The procedure is called duodenal mucosal resurfacing, or DMR.

The outpatient procedure involves inserting a catheter into the duodenum — the first part of the intestine — and then “ablating,” or destroying, mucosal cells that have changed in the process of the person developing diabetes.

Destroying these tissues allows the mucosa to regrow new, healthy cells.

In a new pilot trial out of the Netherlands, researchers said 75 percent of insulin-dependent people with type 2 diabetes no longer required insulin 6 months after the DMR procedure was conducted.

The rest of the participants saw their required insulin doses drop by half, according to research presented at UEG Week 2020 Virtual.

In addition to lower insulin resistance, study participants also saw significant reductions in body mass index scores from an average of 29.8 kilograms per square meter (kg/m2) at the beginning of the study to 27.2 kg/m2.

They also nearly halved the percentage of fat in their livers after 6 months, from 8.1 percent to 4.6 percent.

“Despite having a huge number of medicines that are approved — I think there are around 57 or 58 drugs approved to lower blood sugar in the United States — more than 50 percent of patients with type 2 diabetes are poorly controlled,” said Dr. Harith Rajagopalan, co-founder and chief executive officer of biotechnology company Fractyl and co-inventor for the DMR technique.

“DMR is potentially the first therapy to enable people who are on insulin to not have to take insulin anymore,” Rajagopalan said.

The origins of the DMR technique came after observing that people who had gastric bypass procedures often found themselves cured of their type 2 diabetes.

“Bariatric surgery pointed the way I think in two key ways,” said Rajagopalan.

“The first way is to show that you can do a procedure on the gut, not even touch the pancreas and have the opportunity to cure type 2 diabetes.

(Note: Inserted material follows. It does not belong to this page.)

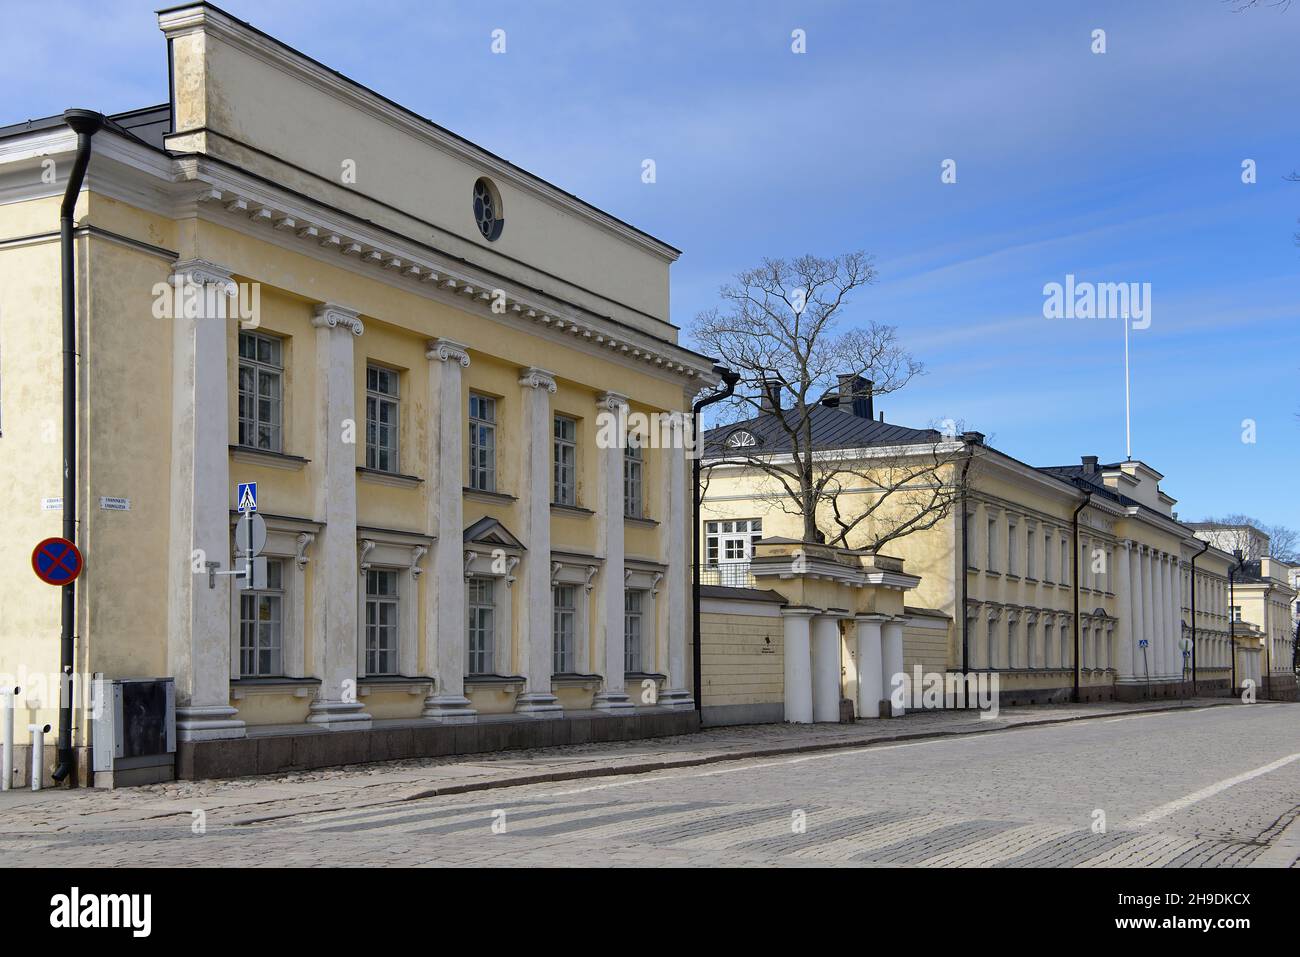 Helsinki, Finland – March 31, 2021: classical style buildings in Helsinki, University of Helsinki building Stock Photo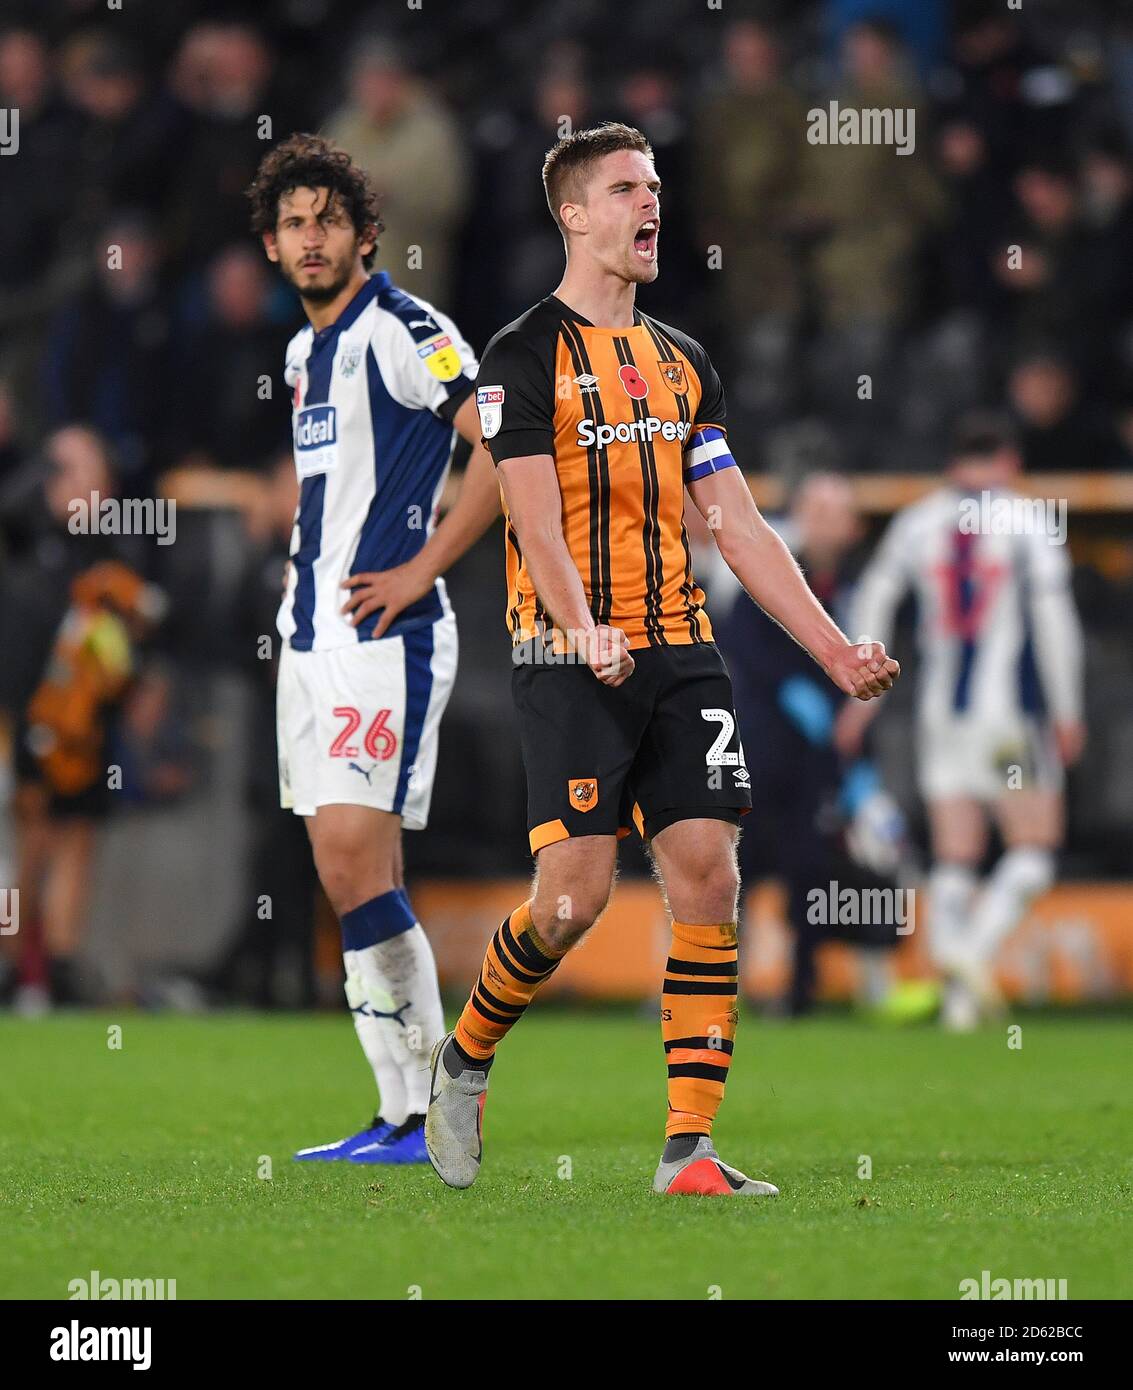 Hull City's Markus Henriksen celebrates as West Bromwich Albion's Ahmed Hegazy appears dejected in the background Stock Photo

“That’s a major sort of mind-blowing paradigm shift in terms of how to think about treating a disease that you thought was a chronic disease, but you can make it go away with an intervention on the gut.

“And the second thing about the bariatric surgery is that it’s an accidental experiment that proves that the gut is a root cause of the disease.”

Sangeeta Kashyap, the principal investigator on an upcoming multinational study to follow the present one, agreed.

“This would be the first procedure that’s done endoscopically that would produce a similar benefit to gastric bypass without having gastric bypass,” she said.

DMR, being an endoscopic surgery, is much less invasive as well as more affordable and accessible.

“As great as gastric bypass surgery is, there’s a limit,” Rajagopalan said. “We do about 250,000 gastric bypass surgeries in the United States. We do 20 million endoscopy procedures.”

While the multinational study is spooling up, the Revita DMR technique has already received a CE mark in Europe, an indication a product has met health, safety, and environmental protection requirements.

Citizens in the European Union could start receiving the procedure in the next year or two, Rajagopalan said, with the United States possibly not far behind.